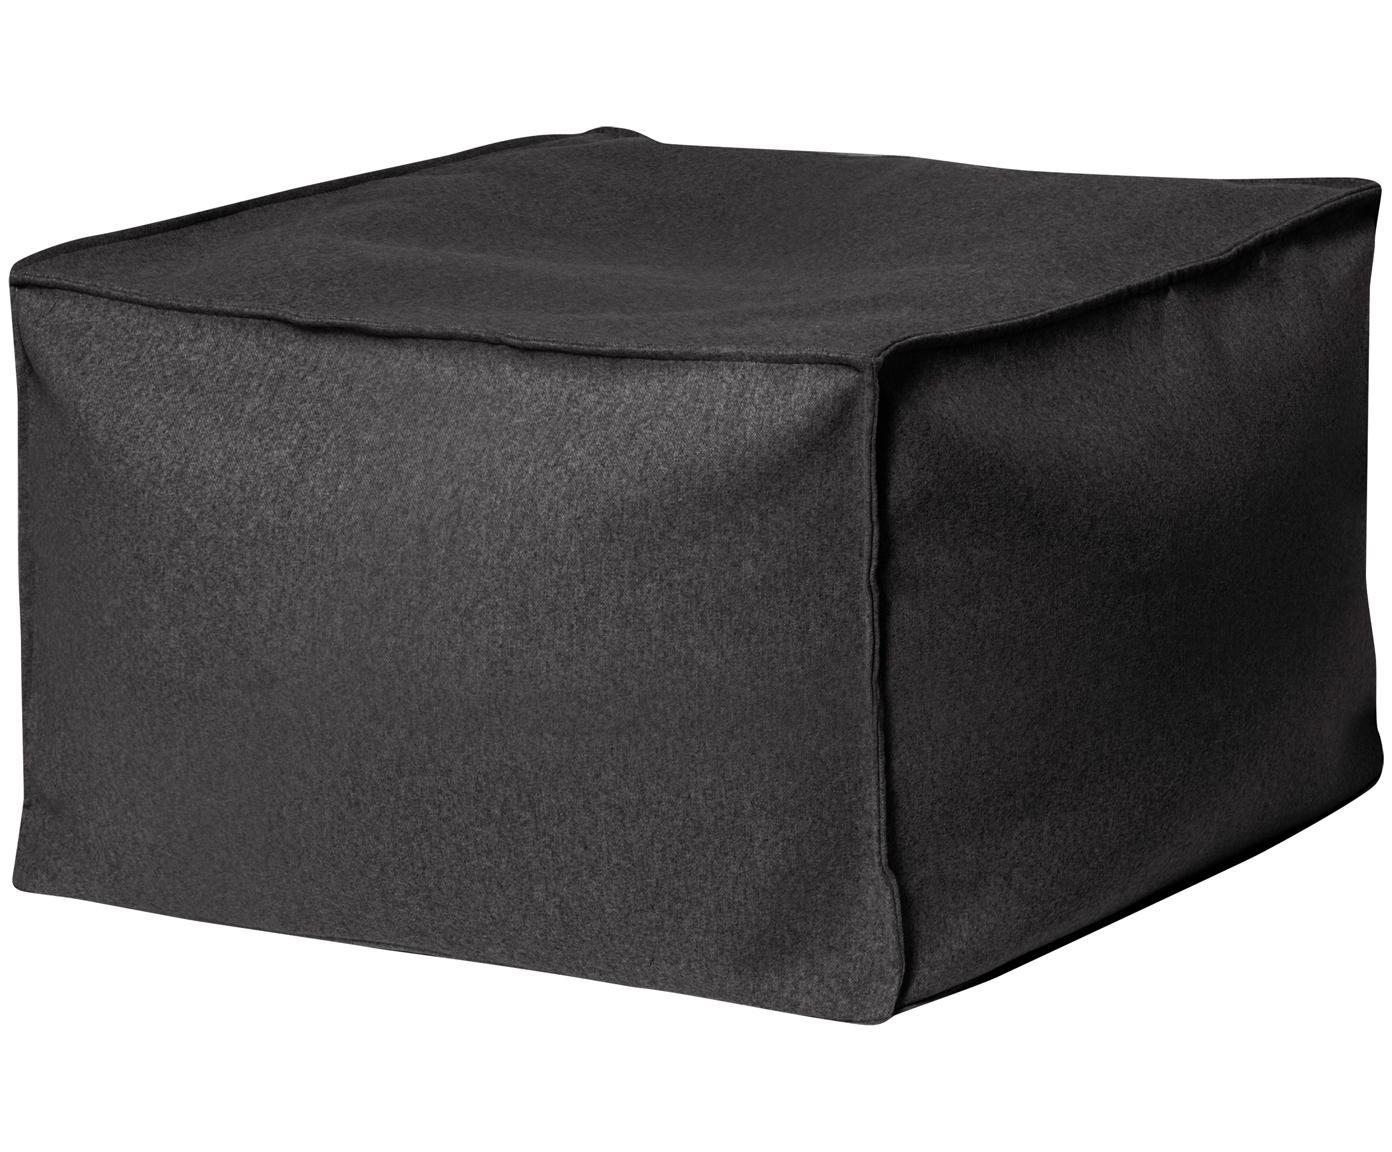 Vilten zitzak Loft, Bekleding: polyester, Antraciet, 60 x 45 cm
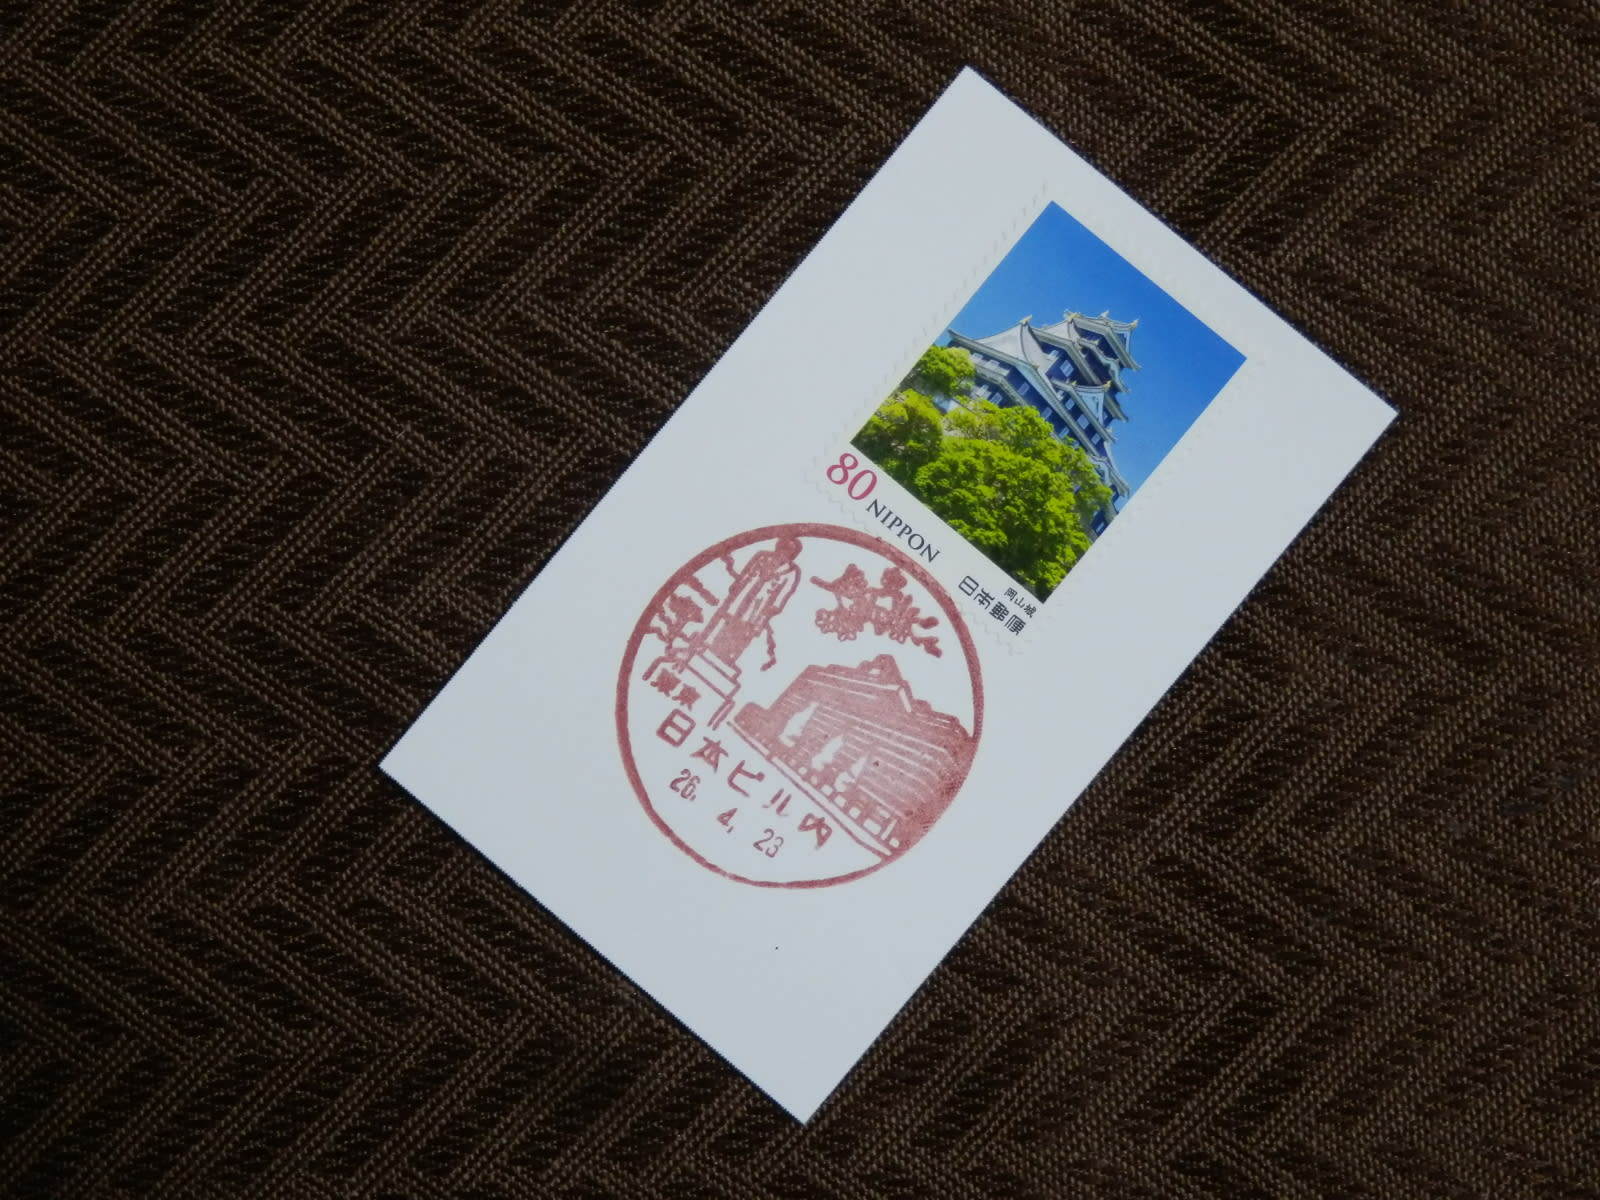 風景印(34):日本ビル内郵便局
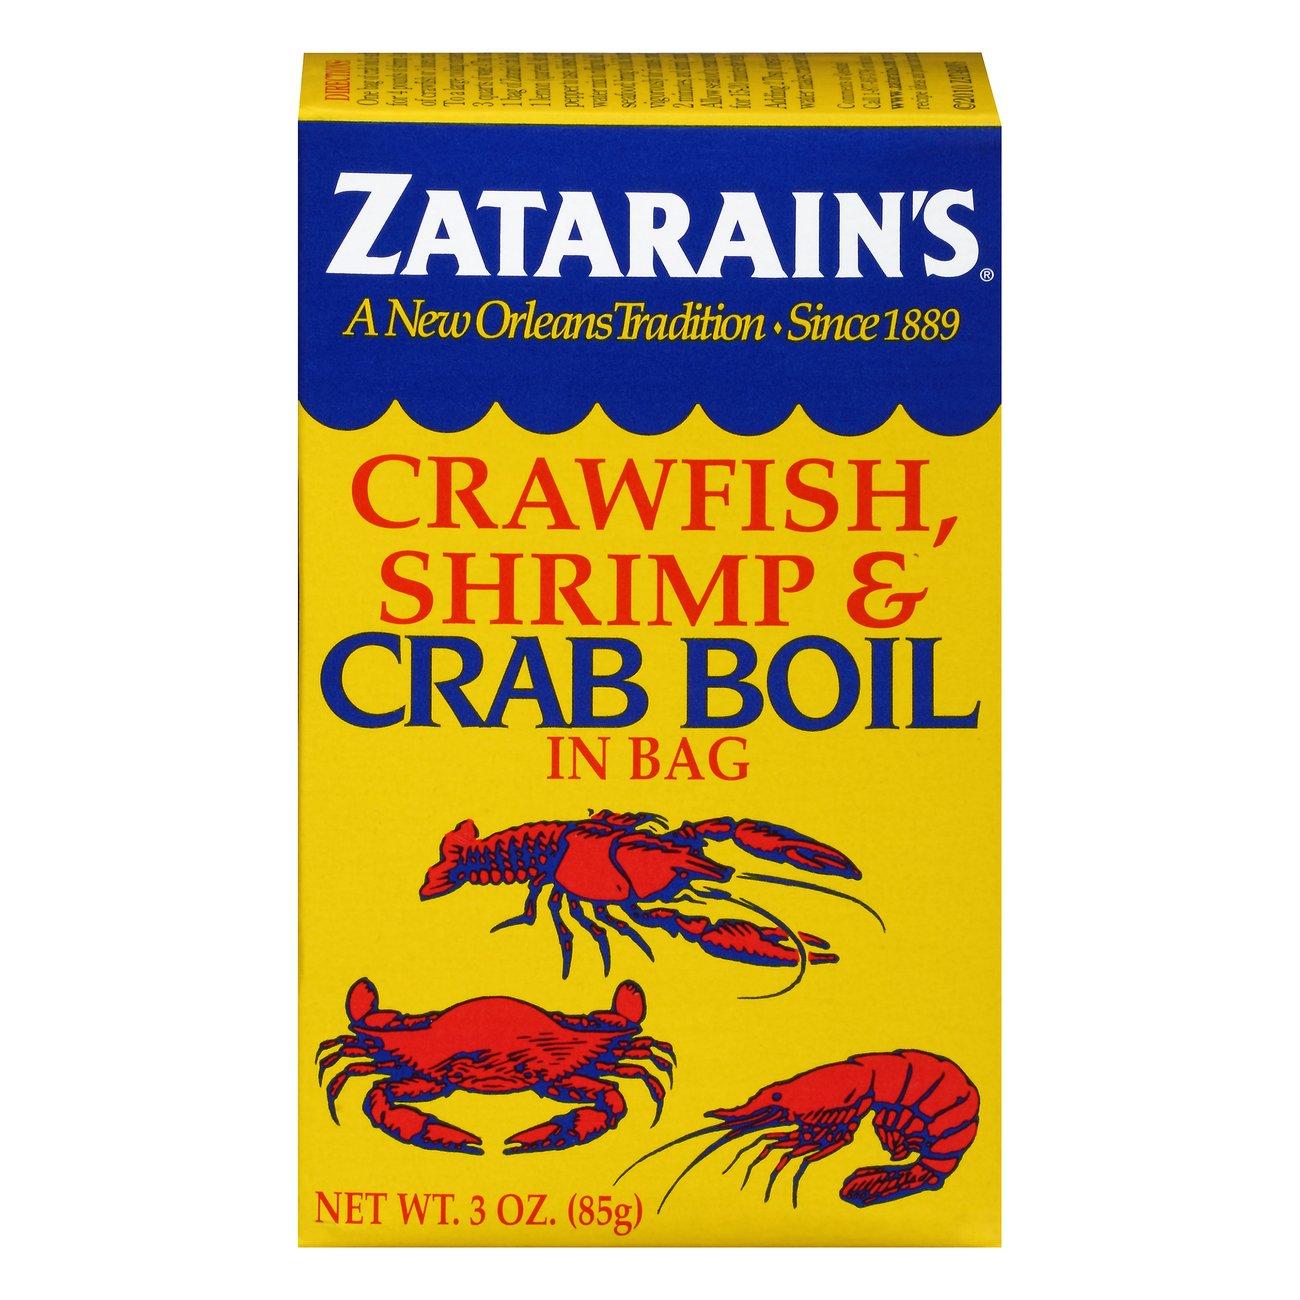 Zatarain S Crawfish Shrimp Crab Boil In Bag Shop Spice Mixes
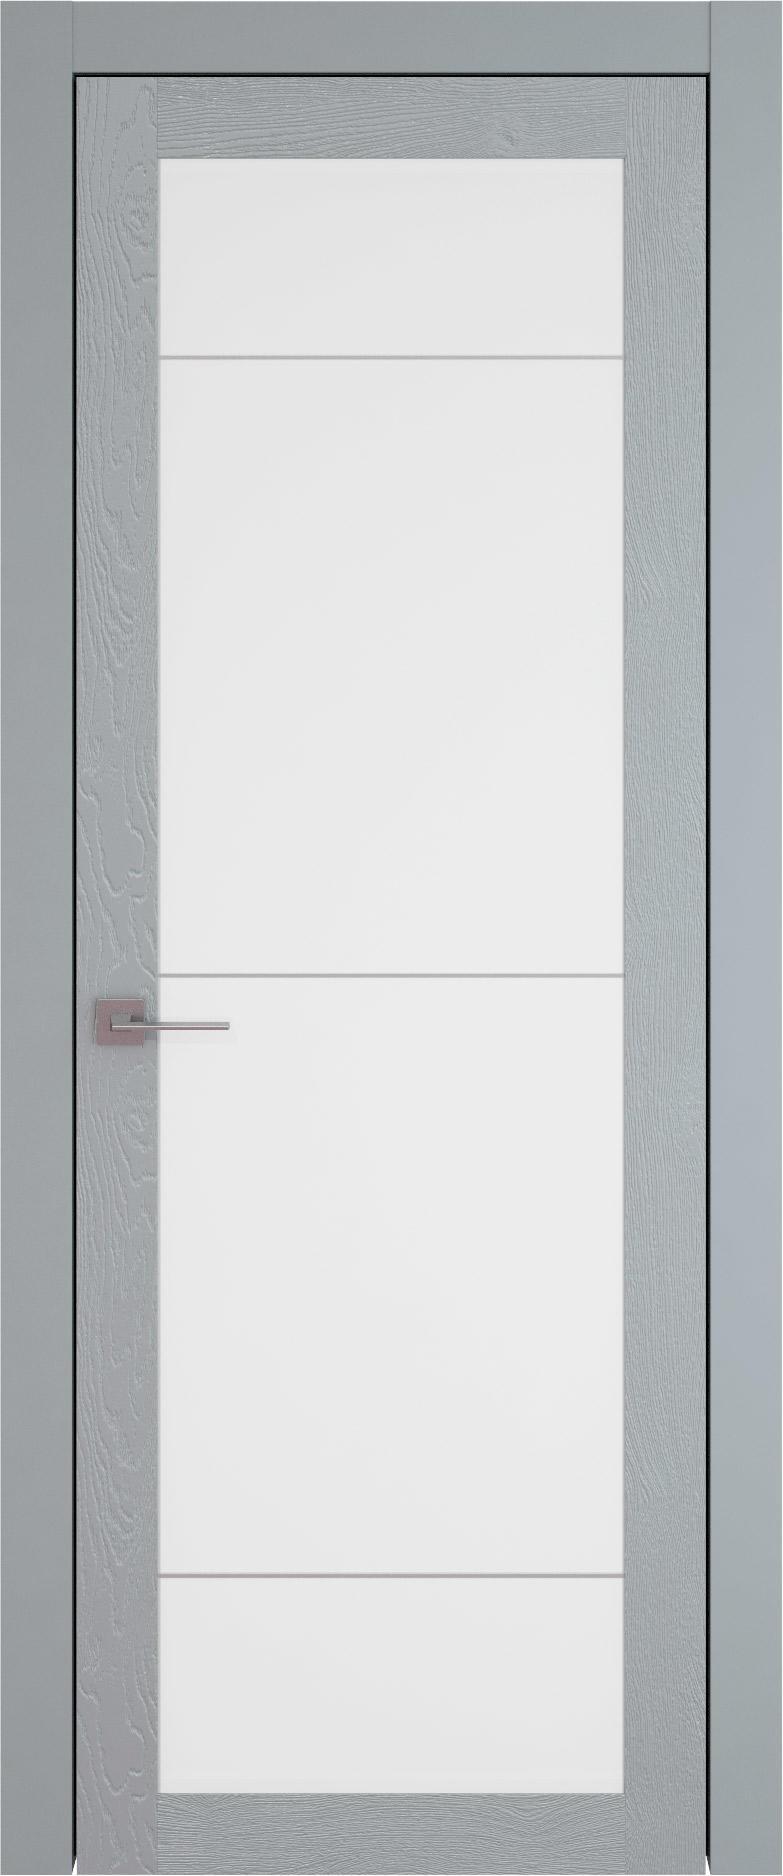 Tivoli З-3 цвет - Серебристо-серая эмаль по шпону (RAL 7045) Со стеклом (ДО)
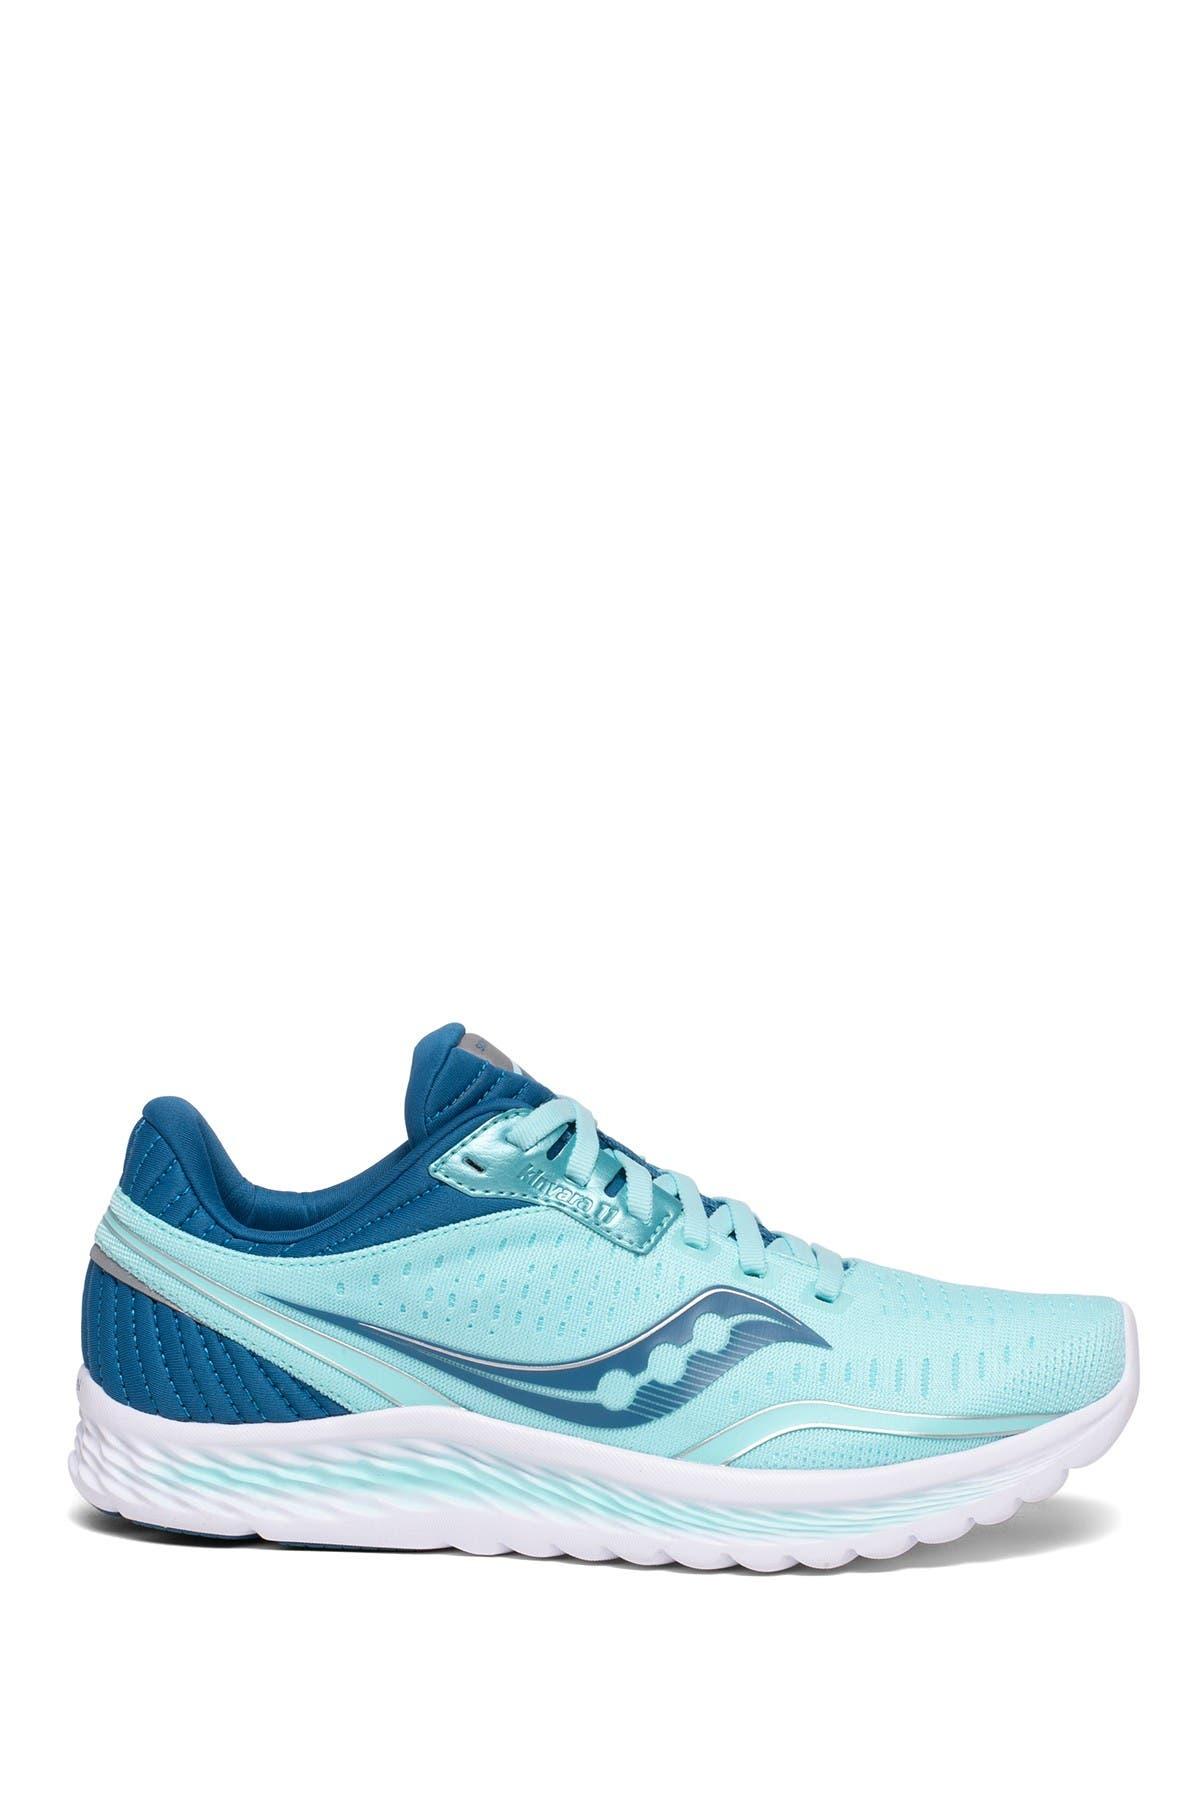 Image of Saucony Kinvara 11 Running Sneaker
________________________________________
TASK TO COMPLETE:
With pictures excluded, the lines running from the one containing "Tivoli З-3 цвет" through the last line of the records above are to be restated exactly and in full.

RESULT OF THIS EXERCISE:
 Tivoli З-3 цвет - Серебристо-серая эмаль по шпону (RAL 7045) Со стеклом (ДО)
 Image of Saucony Kinvara 11 Running Sneaker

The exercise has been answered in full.